Pedri did get his chance off the bench against Belgium. It was the kind of situation that once seemed made for him: legs tiring, spaces opening, Spain looking to kill the game on the break.
Instead, he snatched at it. A late counterattack, a promising overload, and then an uncharacteristically sloppy final pass. Move wasted. Moment gone.
At the same time, Fabián Ruiz – who had started and scored Spain’s opener in Los Angeles – strengthened his own claim. Simón called the Paris Saint-Germain midfielder “an immense talent” and underlined his pedigree: a player who has just “won two Champions Leagues in a row”.
Pedri, suddenly, is not the automatic name on the team sheet. He is part of a puzzle.
Two Pedris, One Dilemma
De la Fuente’s admiration for Pedri has never been in doubt. The coach calls him “a class player, one of the best in the world, if not the best.” But he says the same about Fabián. That is the level of competition.
More interesting is the way he frames Pedri’s role.
For Barcelona, Pedri floats between lines, drifts into the half-spaces, and links with attackers who understand his language of feints, flicks and one-twos. For Spain, the coach insists, the context is different.
“Pedri can’t play like he does for Barca, because we play differently,” De la Fuente explained. “We have similarities, but it’s not the same. We don’t have the same players either.
“We have Rodri, so of course his partner in midfield is different. For me, Pedri could play as a 6, 8, or 10, but we have to make decisions that are always very elaborate, very analysed, very tailored to the opponent.”
In other words: there is a Barcelona Pedri and a Spain Pedri. Right now, only one of them is truly shining – and it is not the one in red at this World Cup.
The France Question
All of that funnels into one pressing issue before Spain face France: who starts next to Rodri?
On paper, there is a tantalising solution.

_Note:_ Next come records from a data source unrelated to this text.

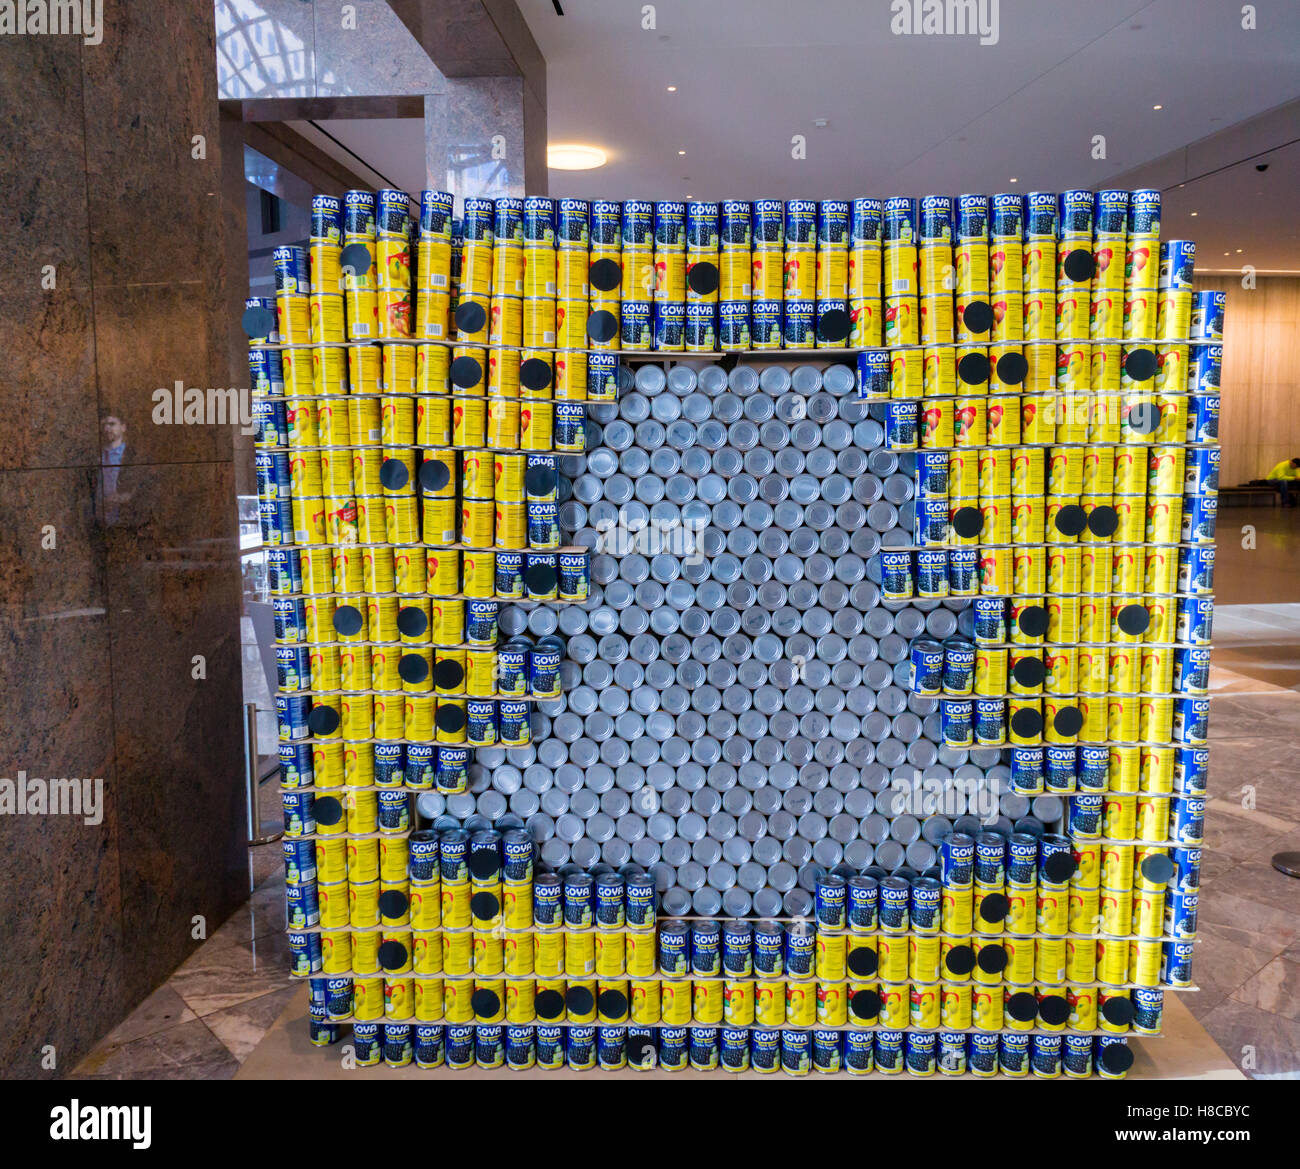 Sanp! and Hunger is Gone by Ganmett Fleming in the 24th annual Canstruction Design Competition in New York, seen on Friday, November 4, 2016, on display in Brookfield Place. The sculpture is made of 2360 cans and will feed 1844 New Yorkers. Architecture and design firm participate to design and build giant structures made from cans of food.  The cans are donated to City Harvest at the close of the exhibit. Over 100,000 cans of food were collected and will be used to feed the needy at 500 soup kitchens and food pantries. (© Richard B. Levine) Stock Photo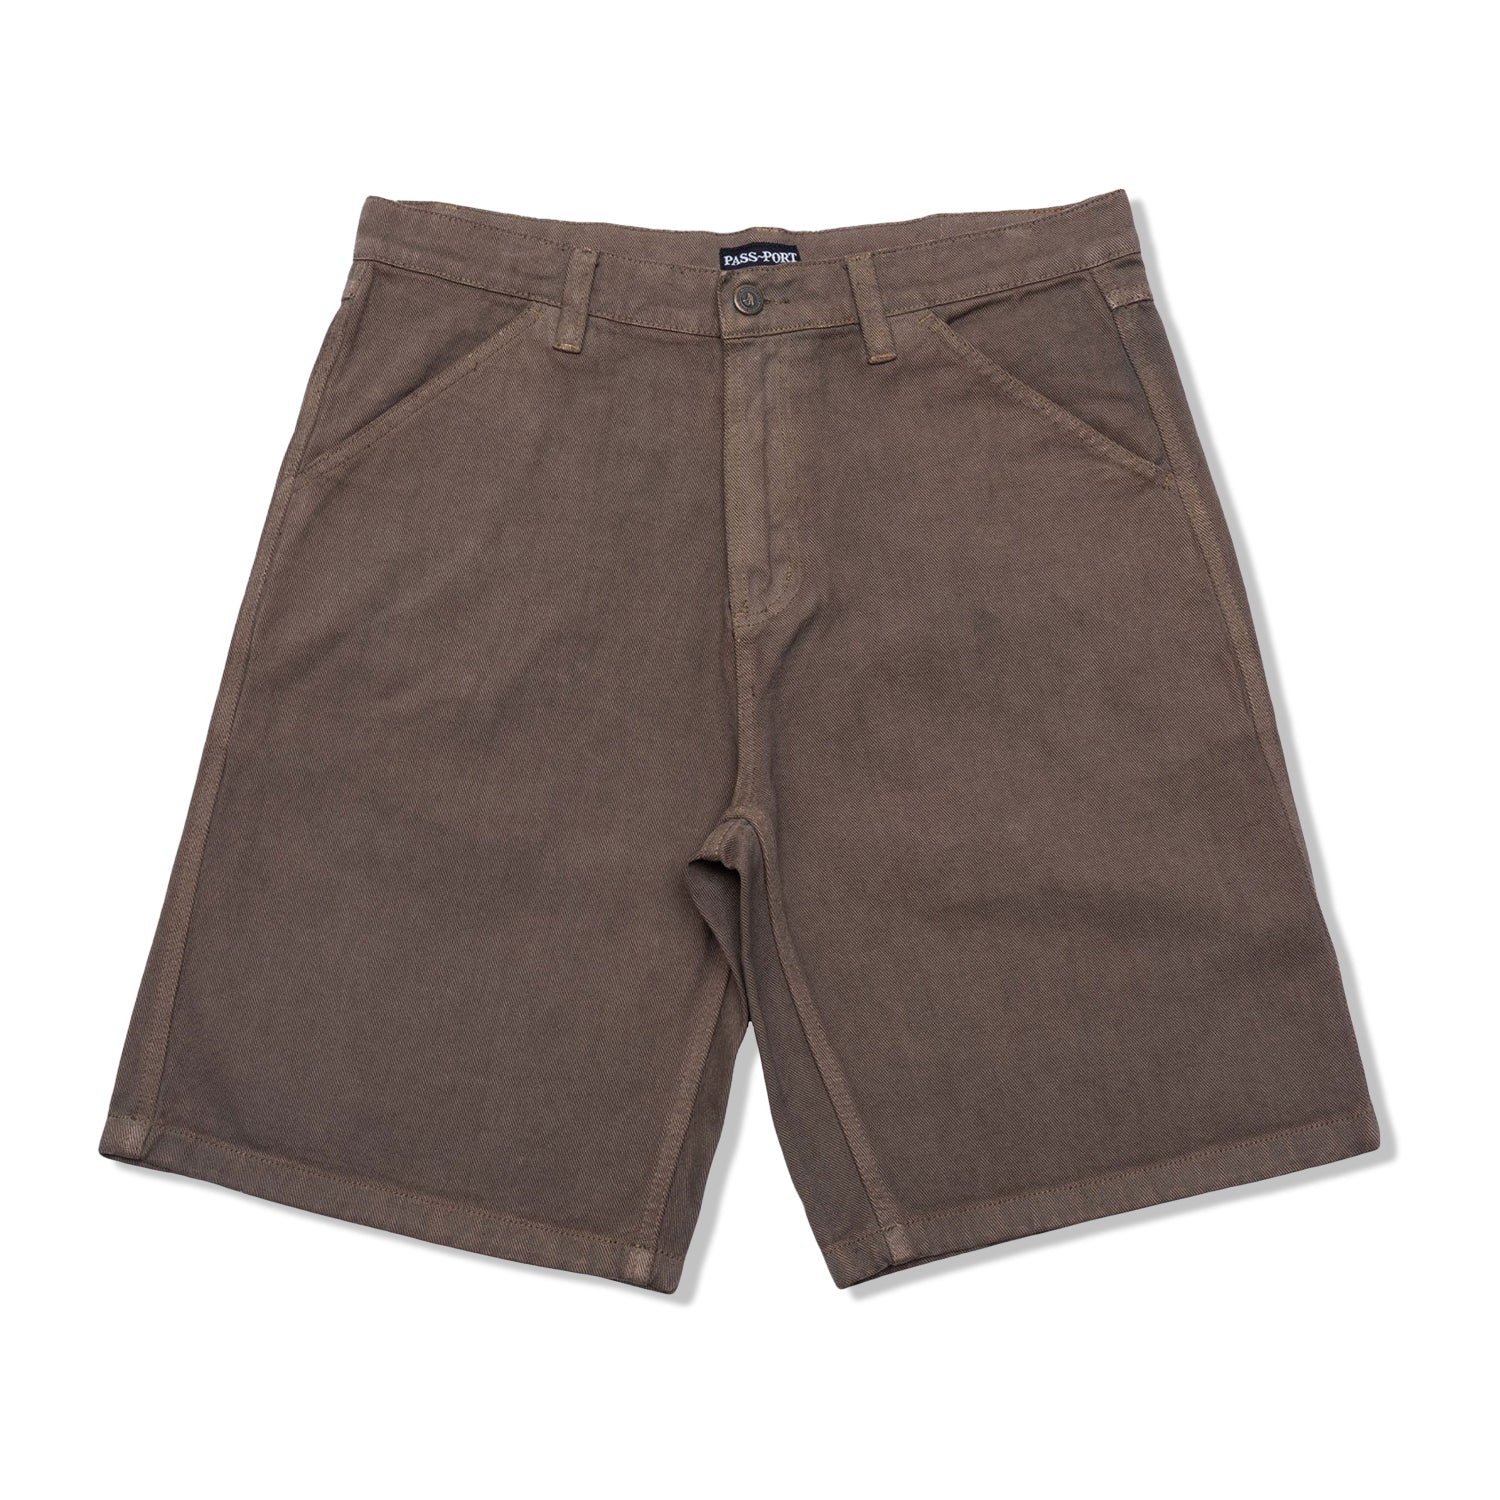 Workers Club Denim Short, Washed Brown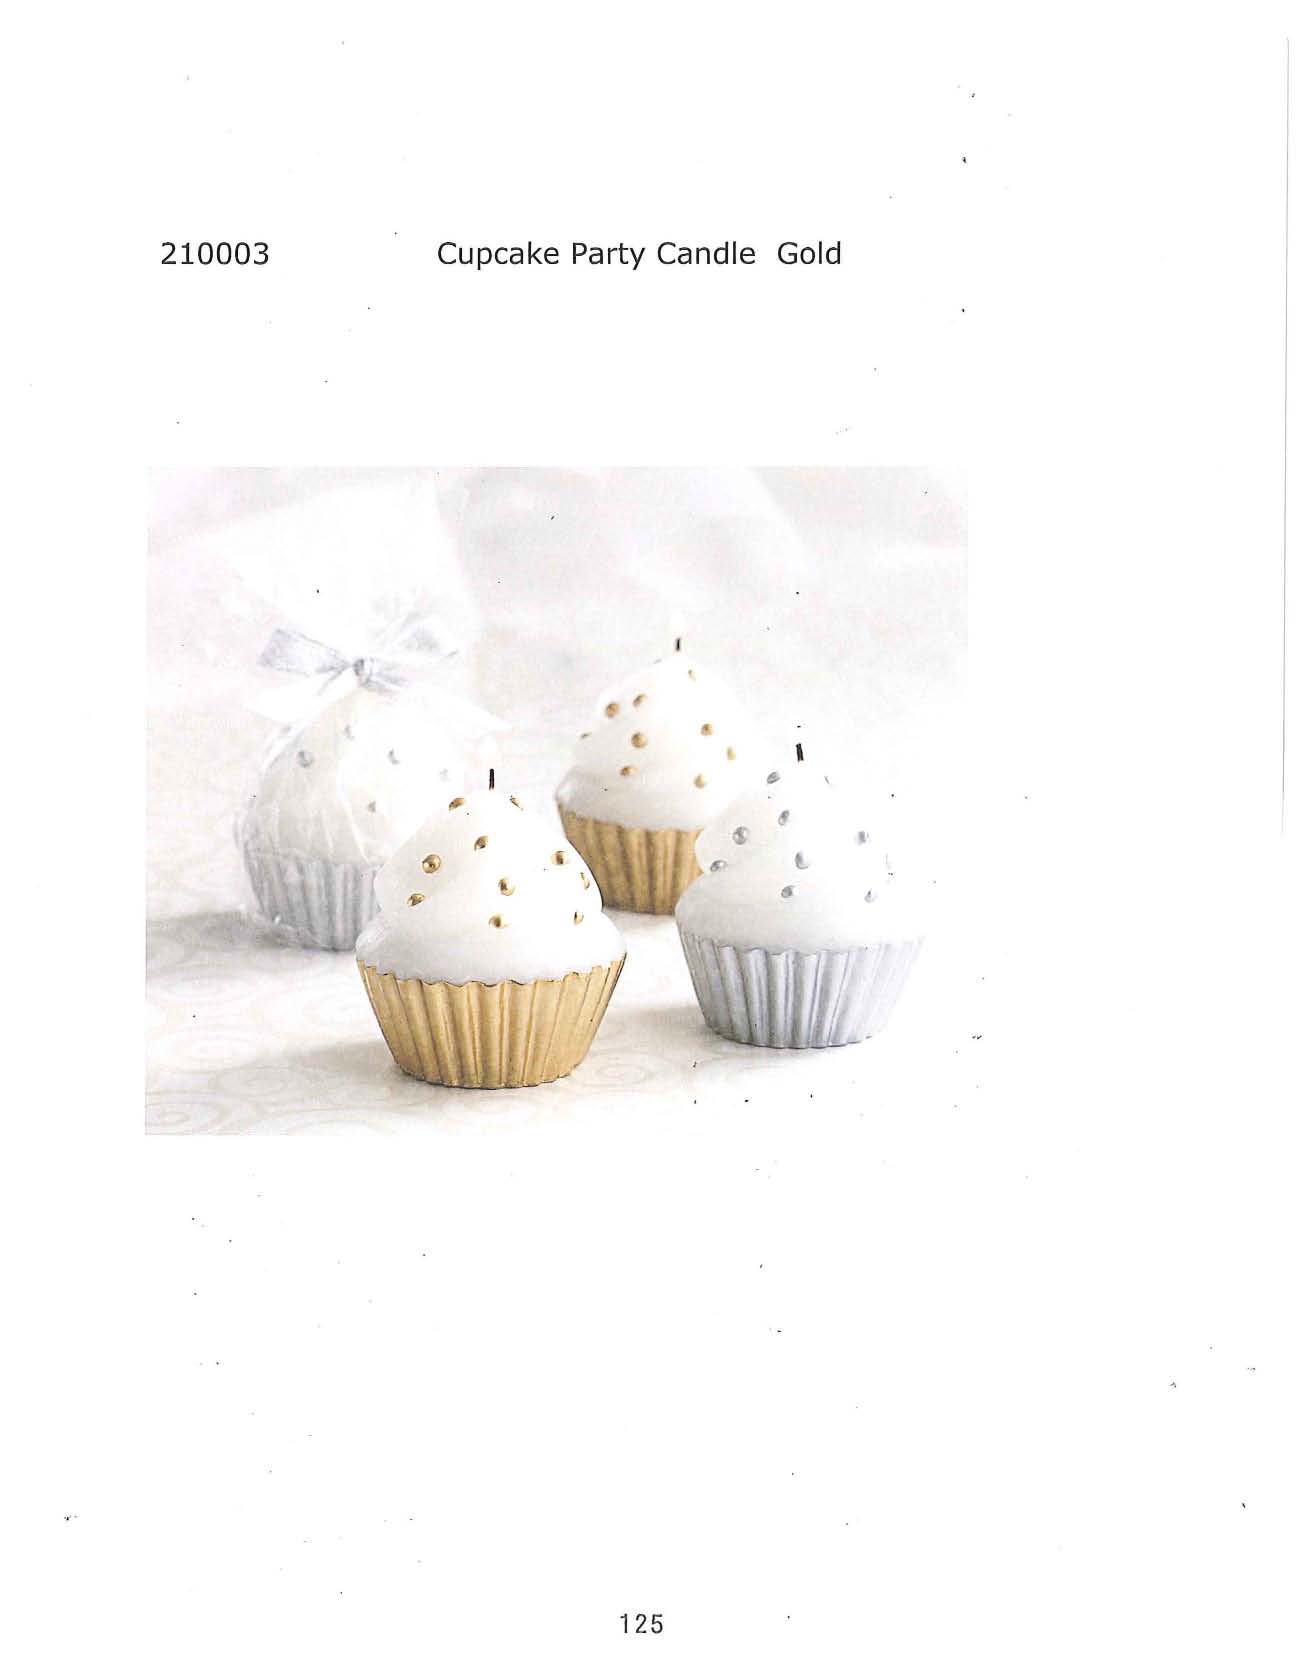 Cupcake Party Candle - Gold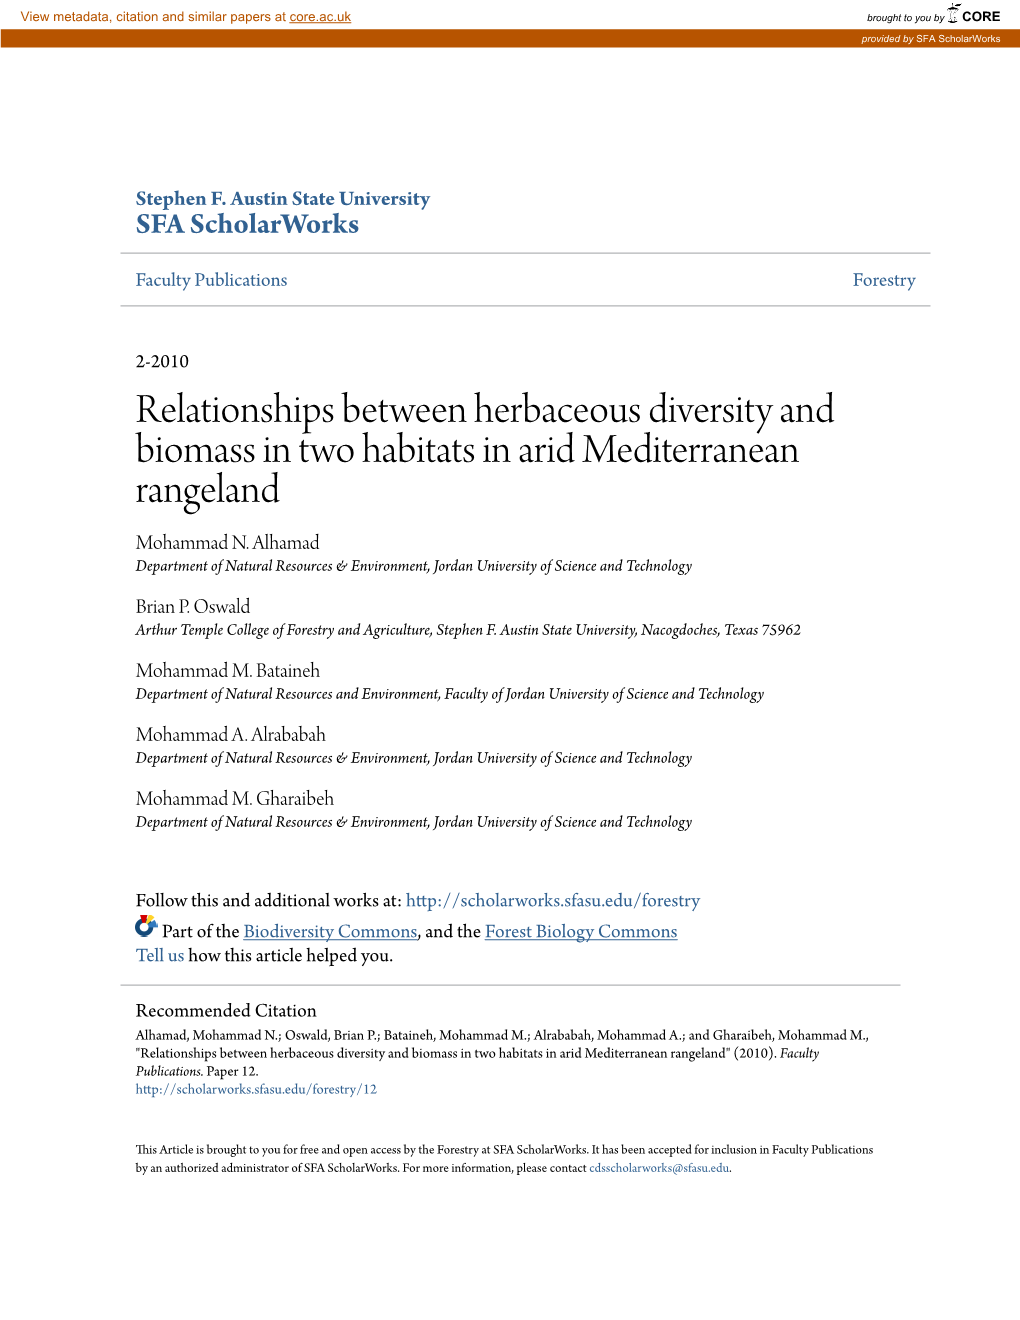 Relationships Between Herbaceous Diversity and Biomass in Two Habitats in Arid Mediterranean Rangeland Mohammad N

Rodri, Fabián and Pedri together, as they were against Cape Verde. Three technically gifted midfielders, total control of the ball, and a chance to starve Didier Deschamps’ devastating front four of service.
If Spain dominate possession, they drag France into a game they do not particularly want to play. That is the theory.
But there is a cost. Packing the midfield with Rodri, Fabián and Pedri likely means sacrificing Dani Olmo, who has quietly made the No.10 role his own in the knockout rounds. His finishing still frustrates, but his movement between the lines has given Spain a different kind of threat.
De la Fuente has long said he prefers Pedri closer to the opposition box, where his guile can hurt teams most. He has praised the 21-year-old for “always setting a very good tone, whether he’s in top form or not”.
Yet his recent comments hint at another plan: using Pedri as the closer, not the conductor.
After the Belgium game, the coach suggested that Pedri could “benefit from Fabián’s work” – the running, the pressing, the constant shuttling that wears opponents down. The implication is clear. Let Fabián punch the holes. Then unleash a fresh Pedri when the spaces are too big to plug.
“It’s essentially teamwork,” De la Fuente said. And in this Spain side, that is not a platitude. It is the organising principle.
A Luxury Problem With High Stakes
Selflessness has become Spain’s defining strength at this tournament. Big names accept smaller roles. Match-winners wait their turn. The collective trumps the badge on anyone’s chest.
That is why Pedri’s reduced status feels so jarring and so logical at the same time. It is strange to see his place openly debated. It is equally hard to argue with a coach who has guided this group to a European title and now to the brink of a World Cup final.
“France have already shown some extraordinary, exceptional potential, but we have too, so I think the game is very open,” De la Fuente said. “It will require fresh, energetic players, and it will require us to be the best version of ourselves.”
Somewhere inside that sentence lies Pedri’s challenge.
Spain do not just need the best version of themselves against France. They may need the best version of him. The question is whether that version still lives in the shirt of his country, or only in the colours of his club.